The problem of intelligence

The problem of intelligence –the nature of it, how the brain generates it and how it could be replicated in machines – is arguably one of the deepest and important problems in science today. Philosophers have studied intelligence for centuries, but it is only in the last several decades that key developments in a broad range of science and engineering fields have opened up a thriving "intelligence research" enterprise, making questions such as these approachable: How does the mind process sensory information to produce intelligent behavior – and how can we design intelligent computer algorithms that behave similarly? What is the structure and form of human knowledge – how is it stored, represented and organized? How do human minds arise through processes of evolution, development and learning, and what are their roots in genetics? How can we build more intelligent synthetic hardware, at the diverse scales of robots, micro- and nano-devices, or networks? How does collective intelligence arise in social and economic systems? Are there common principles of learning, prediction, decision or planning that span these diverse scales and systems?

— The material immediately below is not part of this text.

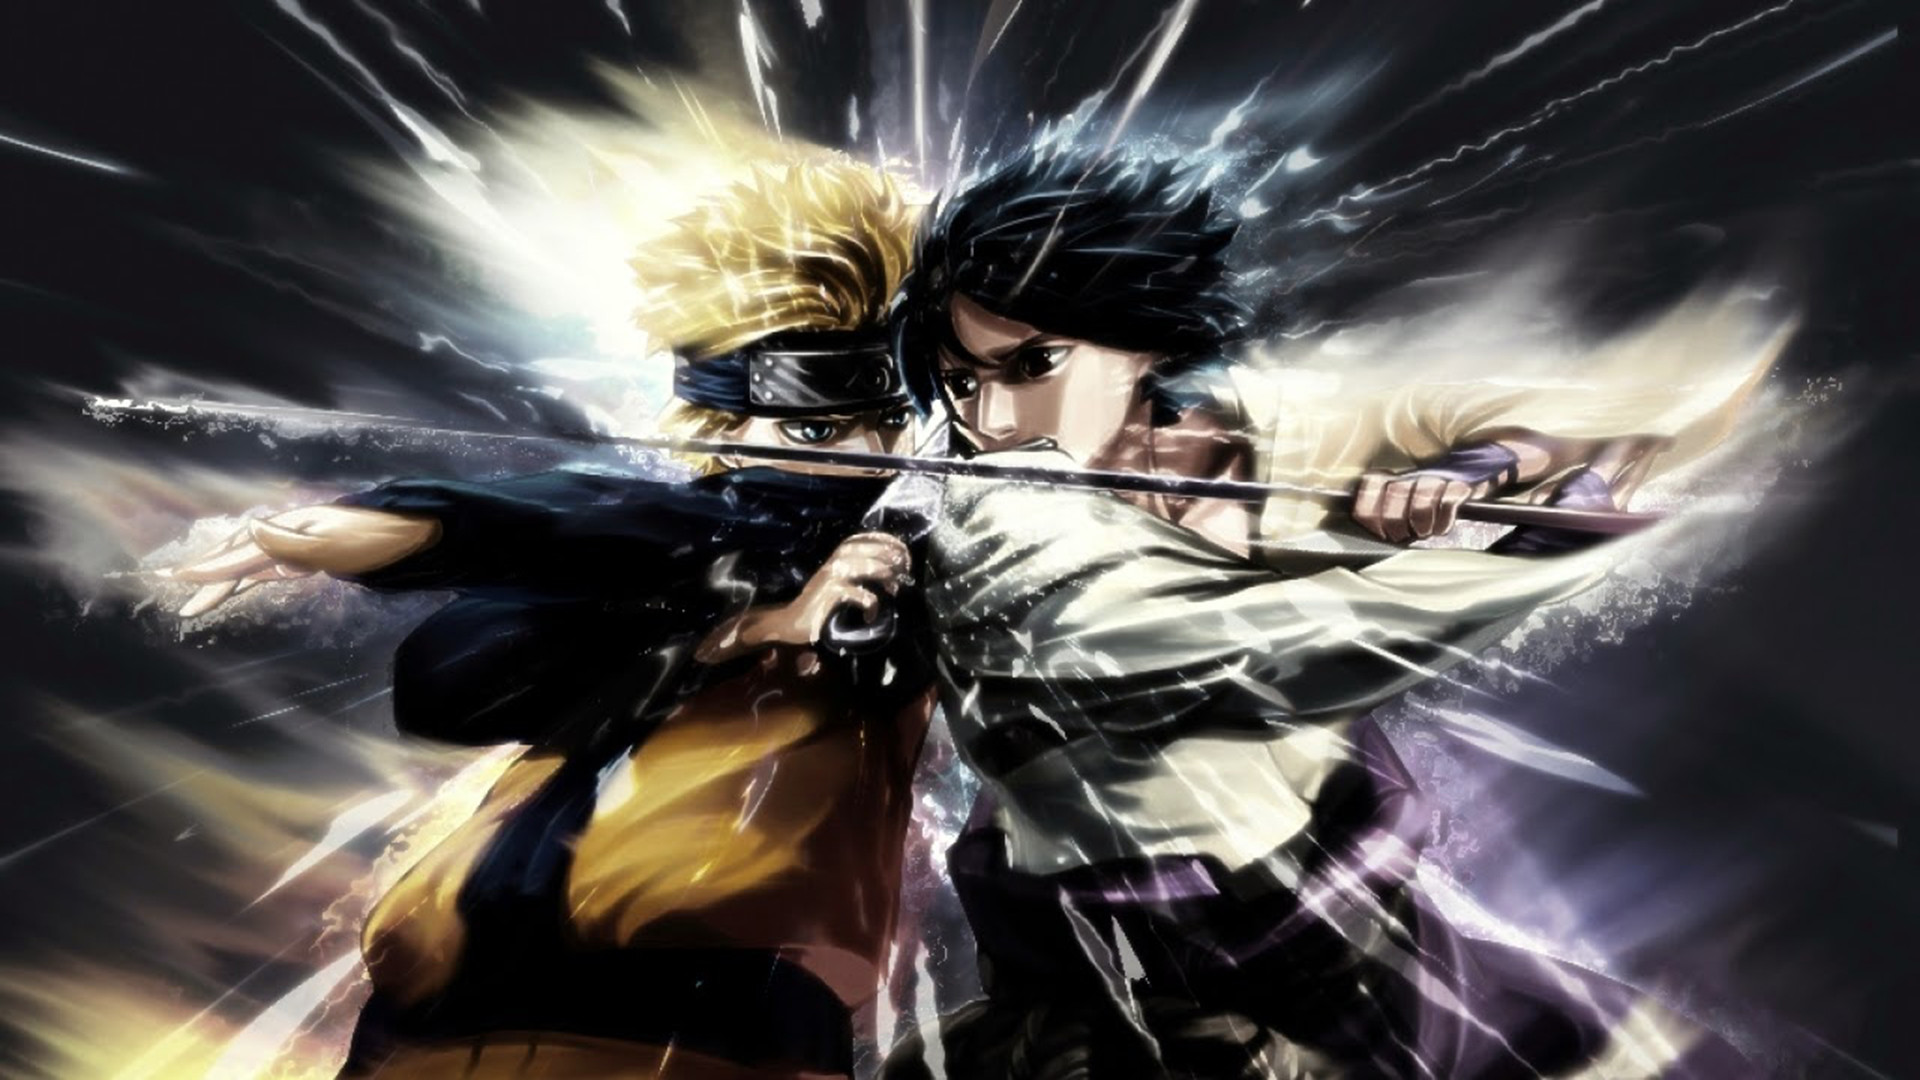 1920x1080 Naruto vs Sasuke Fighting HD desktop wallpaper : Widescreen Imagenes De  Naruto Y Sasuke Wallpapers Wallpapers)

Many of us at MIT believe that the time has come for a new, fresh attack on these problems. The launching off point will be a new integration of the fields of cognitive science, which studies the mind, neuroscience, which studies the brain, and computer science and artificial intelligence, which develop intelligent hardware and software. These fields grew up together in the 1950’s but drifted apart as each became more specialized. In the 21st century they are re-converging, driven by new tools that allow studies of the brain and mind to inform the design of intelligent artifacts and vice versa – a virtuous loop from science to engineering and from engineering to science. These tools include radical increases in computing power, the availability of massive multimodal datasets, and the development of unifying mathematical frameworks for learning, inference and decision that support a common understanding of intelligence in minds, brains and machines. Around the core of these fields, the true scope of the enterprise driven by these new tools is highly interdisciplinary. We envision the mind-brain-computation core as one pillar of a broad initiative spanning many departments and all schools of the Institute. Other complementary pillars will include collective intelligence, with a core built on the social sciences, economics, management, media, and computer science; and physical or molecular intelligence, with a core built on biology and bioengineering, electrical engineering and computing, materials science, chemistry and physics. As a global leader in so many of these fields, MIT is uniquely positioned to lead this synthesis.

I²@MIT

To fully exploit MIT’s unique potential we propose an Intelligence Initiative (I²). I² would draw as broadly as possible from faculty across the Institute whose work connects to the topic of intelligence – intelligence in humans or animals, in machines or molecules, in cultural or collective settings. A central goal of I² is to encourage and enable more integrative approaches than do conventional funding sources and institutional structures. For example, intelligence develops in a child from the interaction of genetic priors with learning from the environment, and integrates the growth of knowledge across vision, language, motor and social understanding, yet conventional research rarely focus on these interactions. Likewise, the study of collective and individual intelligence should be much more tightly coupled: understanding when the collective “whole” will be more or less intelligent than the sum of its parts must be grounded in knowledge of the capacities of individual minds; at the same time, the most important societal effects of individual cognition may emerge only in collective settings like financial markets, public health, political conflict, or energy and natural resource decisions. Thus, the “I²” label could also stand for a program of integrative intelligence research.

Payoffs

Beyond being a great intellectual mission, understanding the origins of intelligence, building more intelligent artifacts and systems, and improving mechanisms for collective decisions will be critical to the future prosperity, education, health, and security of the US and the world at large. The transformative power of internet resources like Google, Wikipedia and YouTube prompts us to ask, “How much more could we do if search engines really understood the language and intent behind a user’s questions, or the scene unfolding in a video, the way another human does?” The recent financial crisis forces us to examine where and when our intelligence failed – in the minds of individual traders, executives, or investors? In the mechanisms of our economy or our legal and regulatory system? On what timescale? – and to consider how our financial markets and aspects of our economy could be engineered in more intelligent ways. The National Academy of Engineering recently announced 14 Grand Challenges for the 21st century. Fully half of these challenges represent potential projects for I². Four are at the core of the mind-brain-computation interface: reverse engineer the brain, advance personalized learning, enhance virtual reality, and engineer the tools of scientific discovery. Three others highlight the application of computational, collective and physical intelligence to problems of global importance: advance health informatics, engineer better medicines, secure cyberspace.